In der ersten Phase führten die beteiligten Forschenden drei aufwändige Wolken-Mess-Kampagnen in der Arktis durch. Die Untersuchungen wurden in der zweiten Phase auf die innere Arktis und auf ein ganzes Jahr als Beobachtungszeitraum ausgedehnt, um jahreszeitliche Unterschiede zu quantifizieren. In der nun folgenden dritten Förderperiode liegt der Fokus auf dem Zusammenbringen der verschiedenen Beobachtungen zu einem Gesamtverständnis. Ein besonderer Schwerpunkt liegt dabei darauf, wie sich Wolken bei Luftmassentransporten in bzw. aus der Arktis hinaus entwickeln. Dazu werden neben Analysen der MOSAiC- Kampagne, den Langzeitmessungen in Ny-Ålesund und Modellierungen auf der Hektometer-Skala spezielle Messungen mit dem neuen Kölner Großgerät GRAWAC vom Polarflugzeug über Meereis durchgeführt.
Die bewilligte Summe für die neue Förderperiode beträgt knapp 4 Millionen Euro. Mitantragstellerin Professorin Dr. Susanne Crewell von der Universität zu Köln sagt: „In den letzten Jahren haben wir eine Vielzahl von neuartigen Messungen in der Arktis gewonnen, die die große Dynamik des dortigen Klimasystems zeigen. Wir wollen nun in den nächsten vier Jahren diese zur Modellverbesserung nutzen, um die weitere Entwicklung der Arktis in einem zukünftigen, wärmeren Klima besser vorauszusehen.“
Sprachliche Vielfalt jedes Einzelnen
Der SFB 1412 „Register: Language-Users’ Knowledge of Situational-Functional Variation“ unter der Sprecherschaft der Humboldt-Universität zu Berlin wird mit rund 9 Millionen Euro für eine zweite Periode (von 2024 bis 2027) gefördert. Der SFB untersucht Aspekte des Registerwissens von Sprecher*innen einer Sprache. Das Registerwissen bezeichnet die Fähigkeit, die eigene Sprache je nach Situation anzupassen und etwa zwischen Gesprächen innerhalb der Familie und in offiziellen Situationen zu unterscheiden. Der Kölner Professor Aria Adli ist mit dem Teilprojekt “Disentangling cross-linguistic and language-specific aspects of register variation” an diesem SFB beteiligt, welches er gemeinsam mit seinen Berliner Kolleginnen Prof. Elisabeth Verhoeven und Dr. Jozina Vander Klok leitet.
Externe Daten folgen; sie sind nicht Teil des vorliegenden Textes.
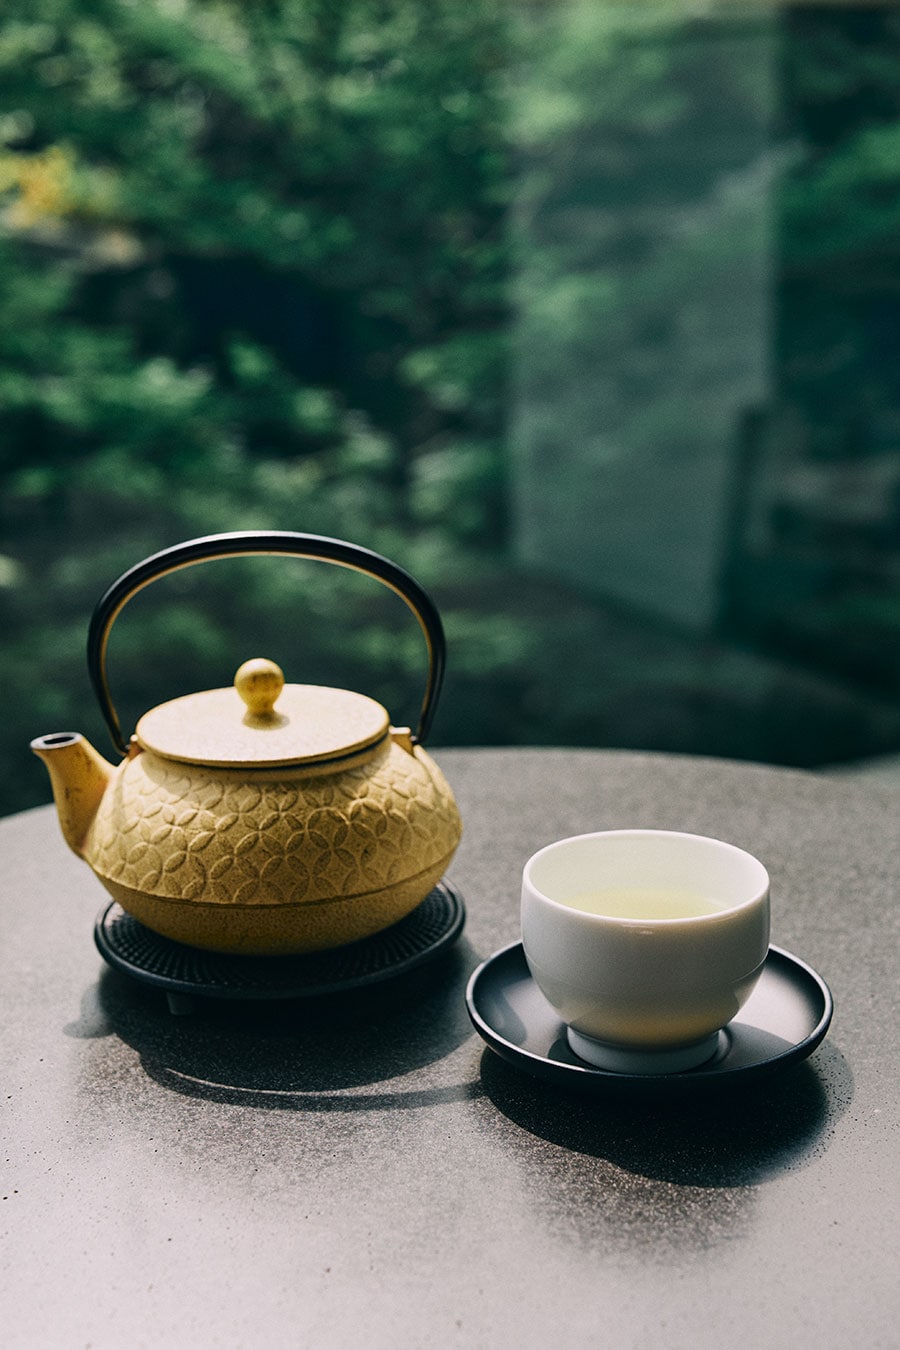 飲みやすさにこだわったというグリーンティーは、和束町にある上嶋爽禄園の茶師が特別にブレンド。香り高く凝縮された旨み、ほのかに感じる清涼感は、ホットでもアイスでも美味。

Kompetente Sprecher*innen können ihr sprachliches Handeln auf jeder Ebene situativ anpassen: Sie wissen beispielsweise, dass eine gewisse Distanz und etwa mehr Höflichkeitsausdrücke in bestimmten Situationen angemessen sind und in anderen nicht, dass mit Kindern in weniger komplexen Sätzen gesprochen wird, während in einer wissenschaftlichen Veranstaltung präzise Fachbegriffe gefordert sind. Die Forschung des SFB 1412 konzentriert sich auf folgende Fragen: Worin besteht Registerwissen? Welche Situationsparameter spielen eine Rolle? Wie kann man Registerwissen adäquat modellieren? Der SFB untersucht diese Fragen anhand von vielen Phänomenen auf allen sprachlichen Ebenen in unterschiedlichen Sprachen und Kulturräumen. Dabei werden verschiedene Methoden (multifaktorielle Korpusanalyse, experimentelle Verfahren) verwendet, erweitert und kombiniert.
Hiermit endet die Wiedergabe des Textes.